-------- Data section --------
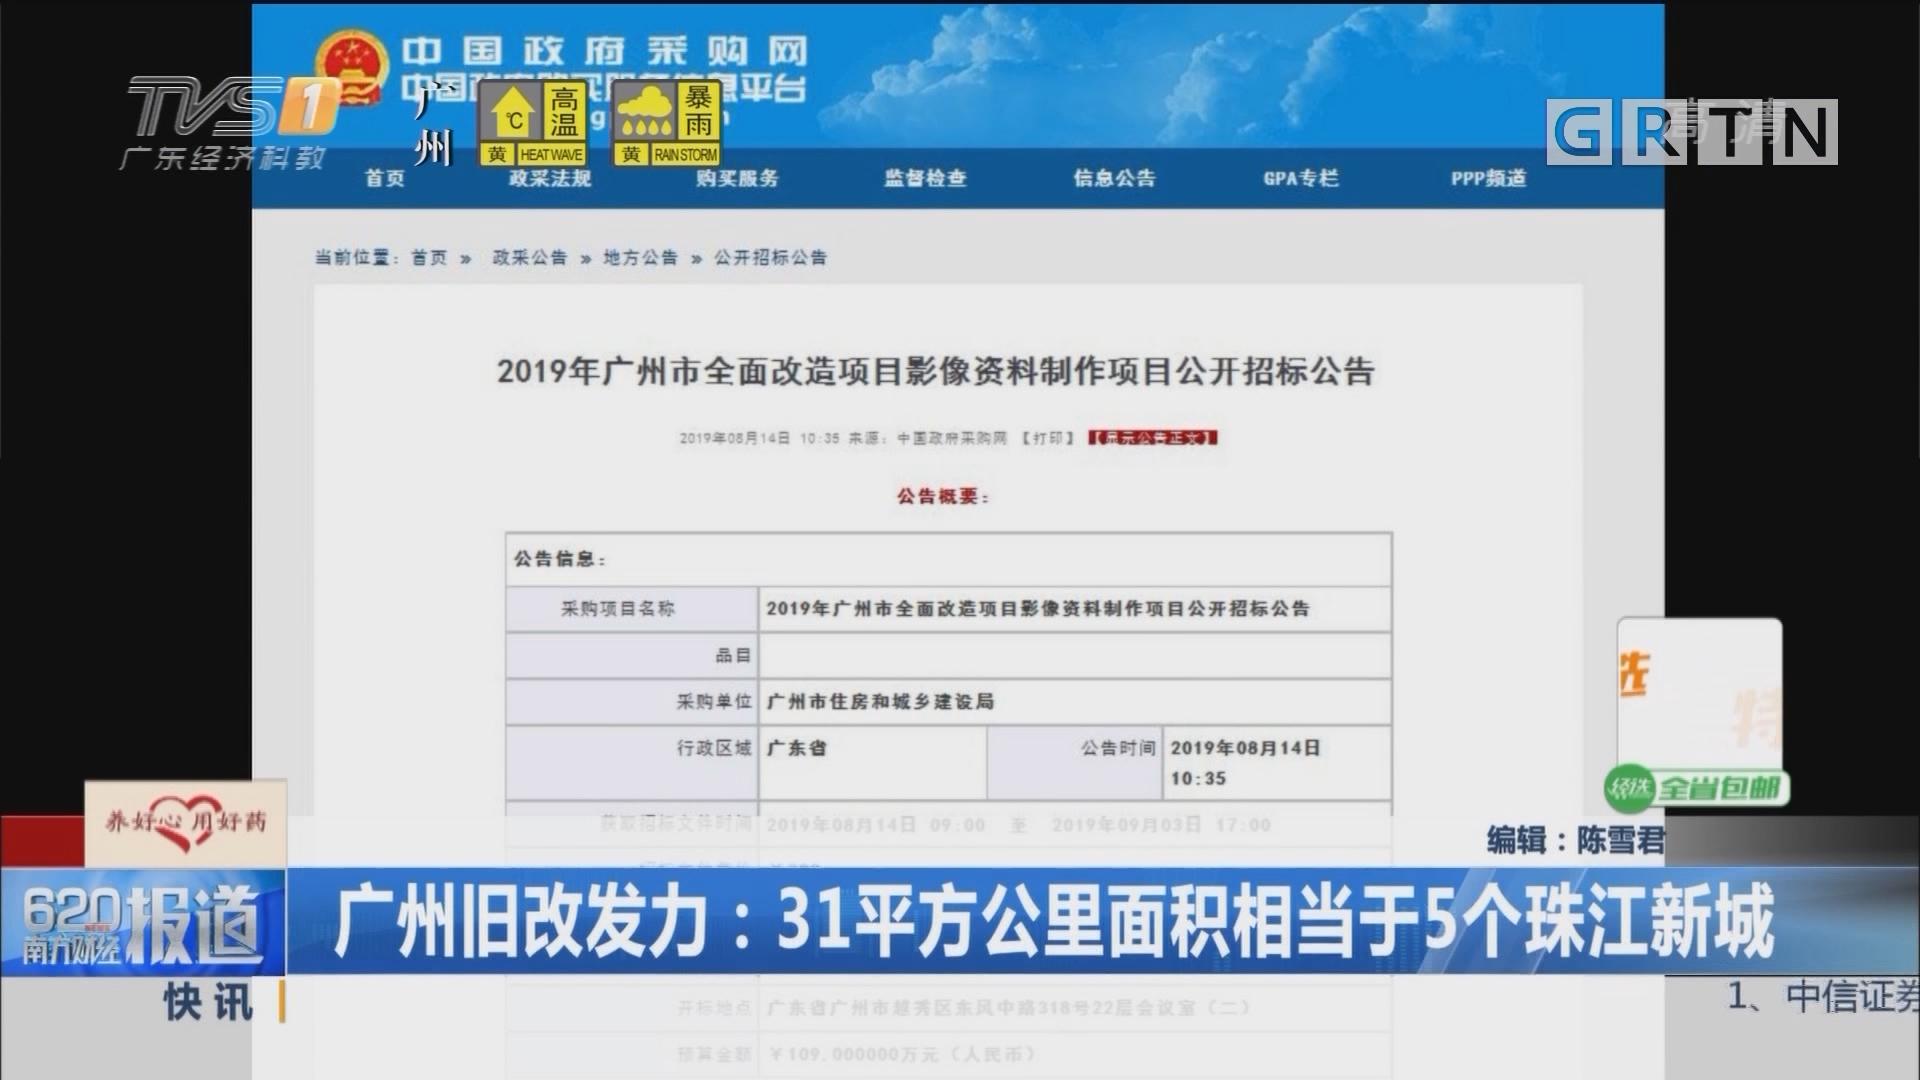 广州旧改发力:31平方公里面积相当于5个珠江新城
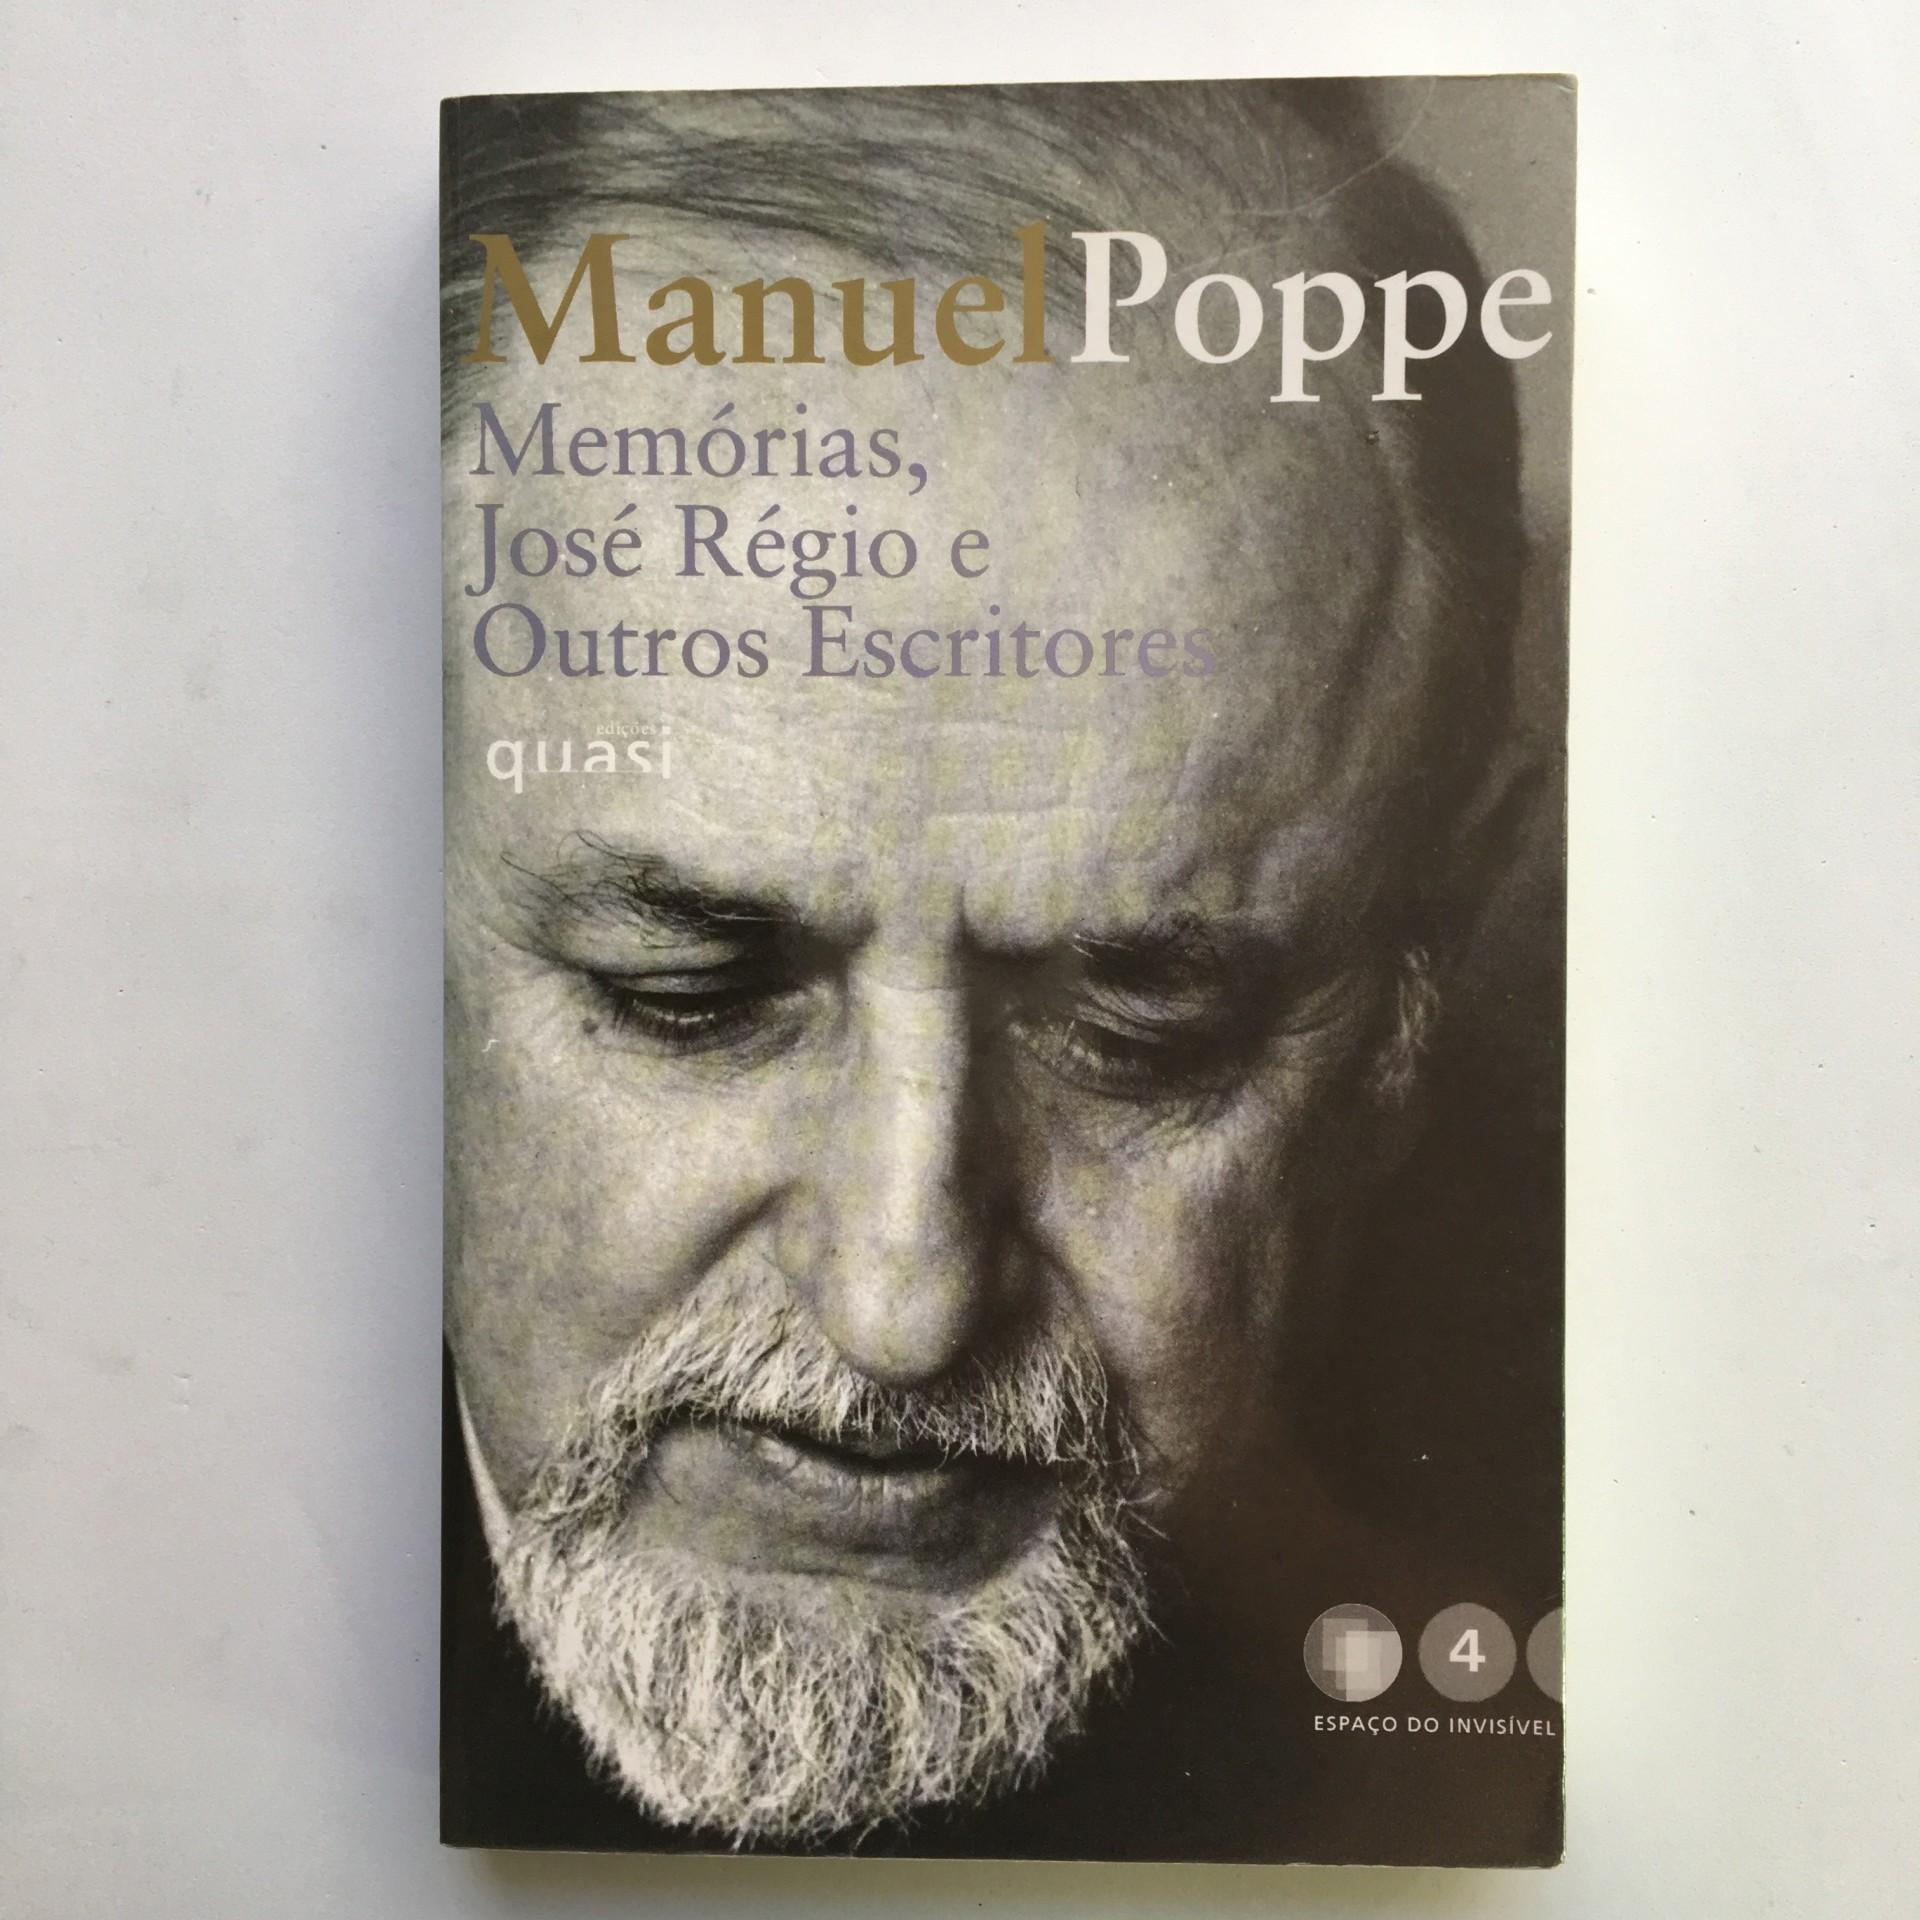 Memórias, José Régio e Outros Escritores
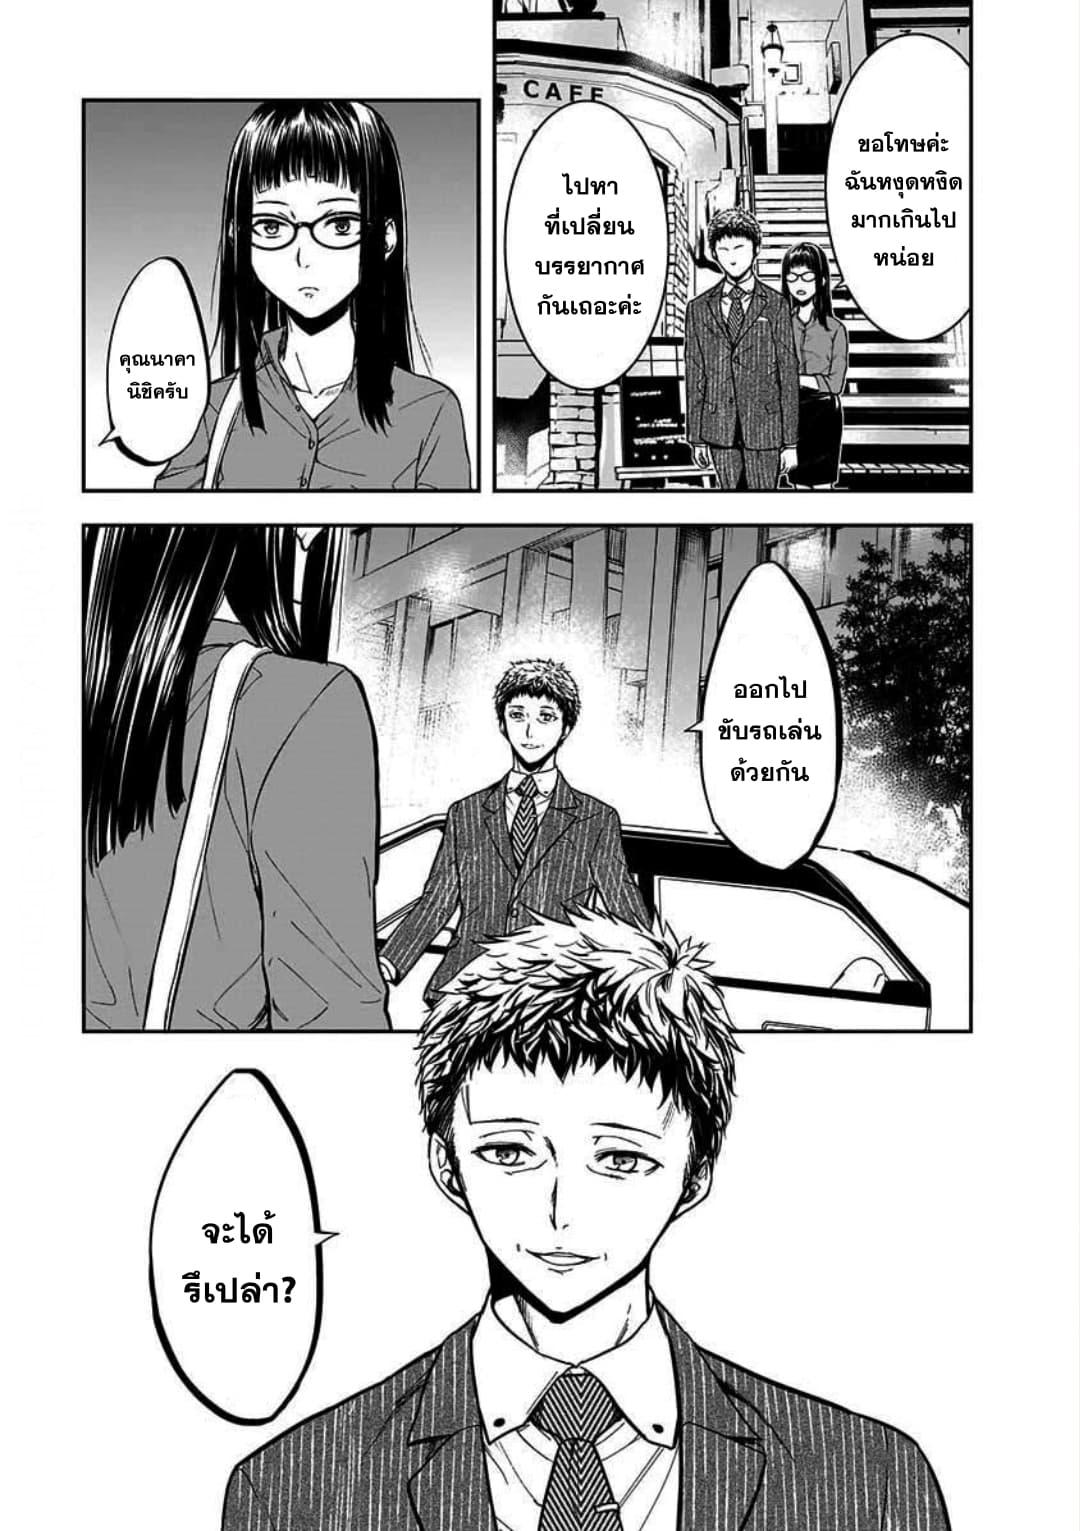 อ่านการ์ตูน Kanojo Gacha ตอนที่ 5 หน้าที่ 15
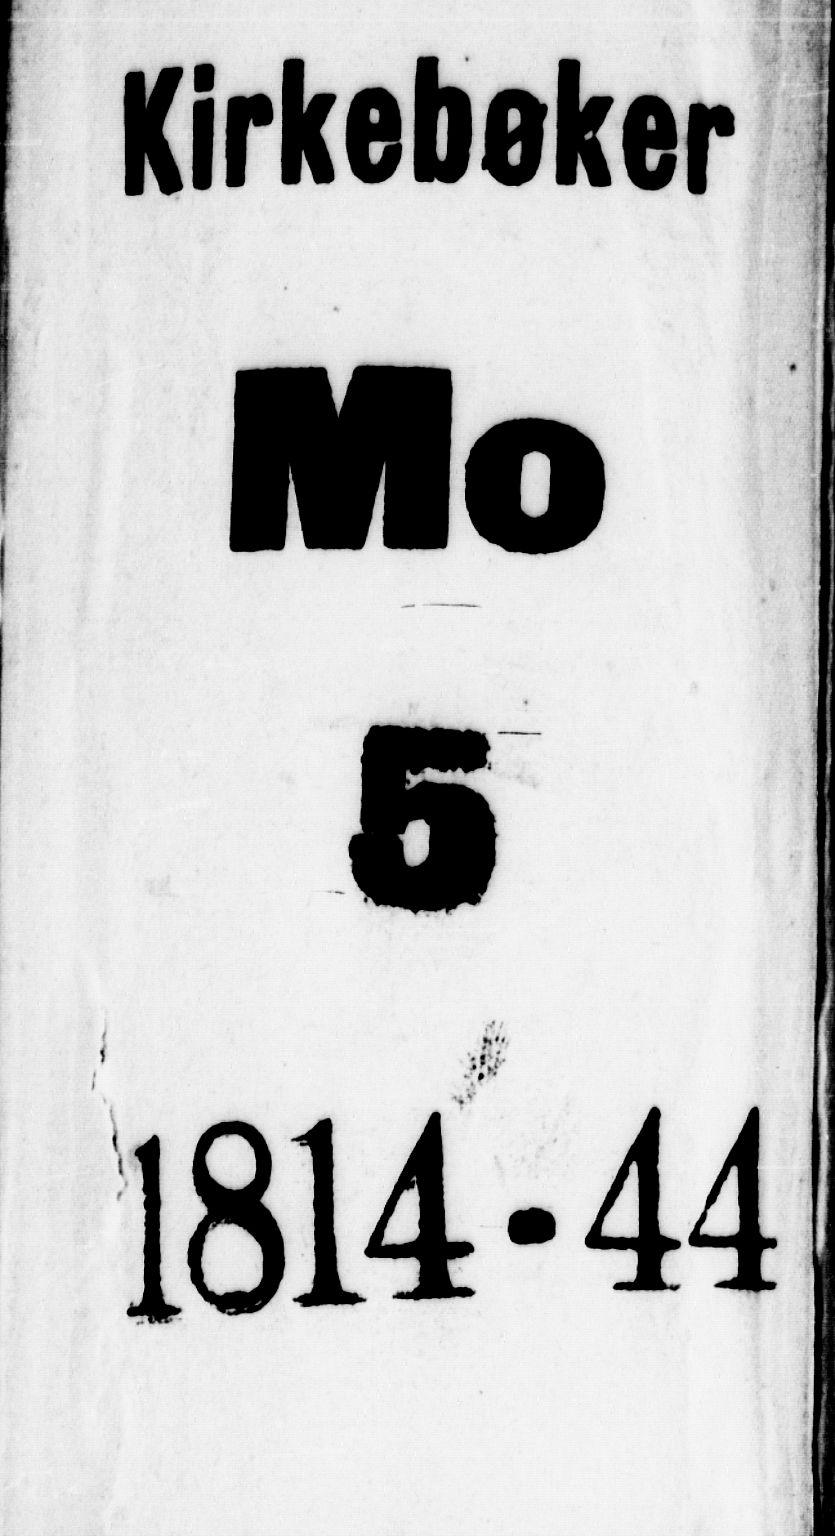 SAKO, Mo kirkebøker, F/Fa/L0004: Ministerialbok nr. I 4, 1814-1844
--------
__What is required__:
Your reply should give again exactly the lines from the one with "อ่านการ์ตูน Kanojo Gacha ตอนที่ 5 หน้าที่ 15" through the last line of the data, with both ends included and pictures left out.

__Written solution__:
 อ่านการ์ตูน Kanojo Gacha ตอนที่ 5 หน้าที่ 15
 SAKO, Mo kirkebøker, F/Fa/L0004: Ministerialbok nr. I 4, 1814-1844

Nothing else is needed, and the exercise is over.